Sheri fink author biography formation
•
Dr. Sheri Fink's first book, War Hospital, tells the story of a group of ung doctors trapped along with 50, others in Srebrenica, Bosnia-Herzegovenia, during
the Bosnian war in Lacking surgical training and ample supplies,
the doctors faced extraordinarily trying circumstances. David Rieff calls War Hospital "a fascinating konto of what it fryst vatten to try to uphold (or fail to uphold) one's medical oath in the midst of genocide."
Sheri Fink earned her M.D. and Ph.D. from Stanford University,
and she has acted as a humanitarian aid worker with the International
Medical Corps in conflict zones in the Balkans, the north Caucasus,
southern Africa, Central Asia, and most recently Iraq. Her writing
has appeared in the Washington
Post, International
Herald Tribune and Wall
Street Journal, among others. She lives in New York.

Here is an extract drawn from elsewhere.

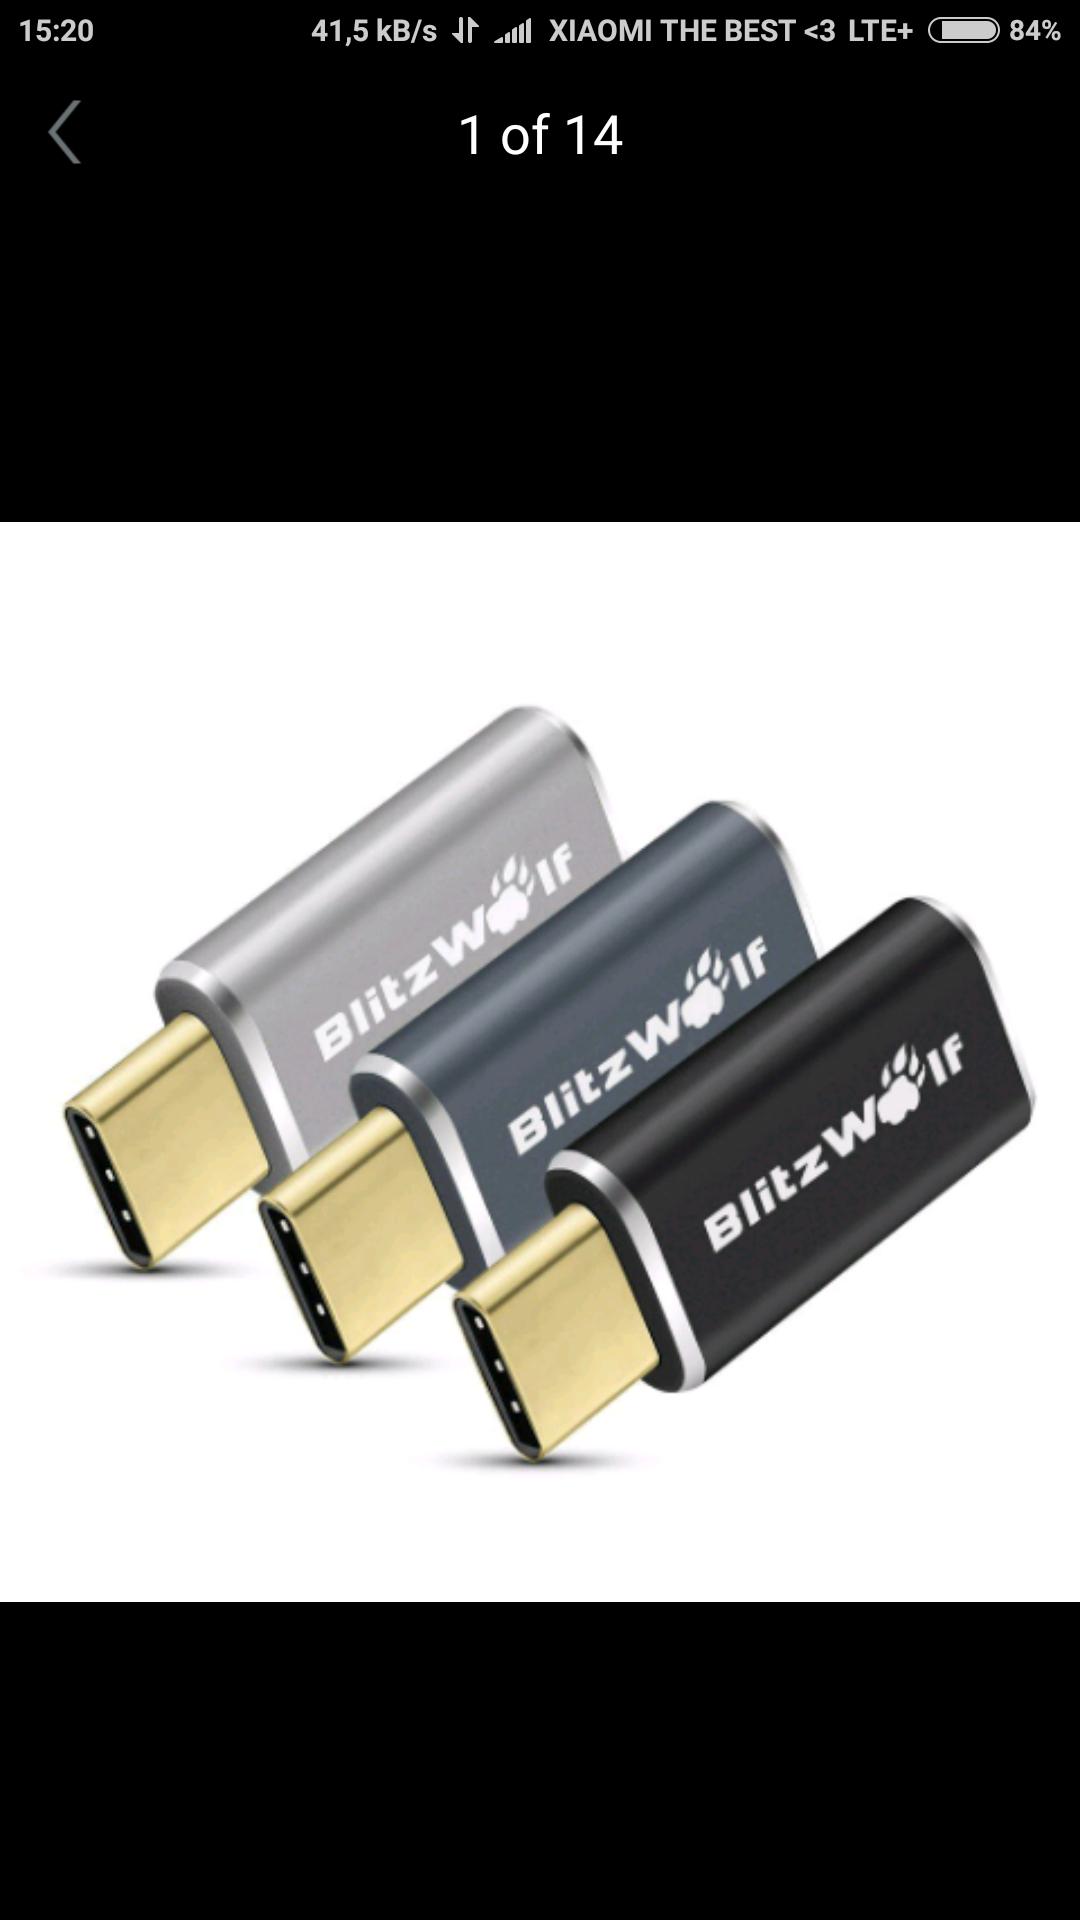 Przejściówka Blitzwolf microusb --> USB type C @banggood

You spent part of the spring and summer of this year working • Well. This one is a lot to tell you about. Sheri Fink is an award-winning journalist and holds both a PhD and an MD. In Five Days at Memorial, she examines fateful, famous and controversial events at Memorial Hospital in New Orleans in the five days following s Hurricane Katrina. Forty-five bodies were recovered from the hospital, with about 9 of them (depending on your source) suspected of having been euthanized by hospital staff during evacuations. I had been looking forward to reading this book but was leery going in, because this subject was clearly going to be emotionally fraught, depressing, poignant. I was quickly mesmerized, though: these events, while troubling and difficult to take in, fascinated me deeply. I have been increasingly interested (outside my reading of this book, for some time now) in the subjects of end-of-life, advanced directives, and our cultures approach to death. And I am always intrigued by ambiguity, situations in which it is clear to see bla • Sheri Finks The Deadly Choices at Memorial depicts the fallout from Hurricane Katrina at Memorial Medical Center in Uptown New Orleans. Due to isolation, limited resources, and insufficient preparation for disaster on the governments part, the hospital was forced to triage their patients, sorting them according to their medical conditions. The healthiest patients were given priority evacuation status, while the sickest patients were left at the bottom of the list. Finks narrative of the events during this catastrophe, explained in chronological order, sometimes abandoning chronology for topical arrangement, illustrate what may have led to some patients allegedly being euthanized by nurses and doctors. The piece focuses on Dr. Ann Pous involvement in the alleged acts, her indictment, and the discussion about triage medicine. Though a very fair, well reported article, readers can determine Fink opposes
in Iraq. What was your function there? How were you and your fellow
West Category Archives: Deadly Choices at Memorial (Fink)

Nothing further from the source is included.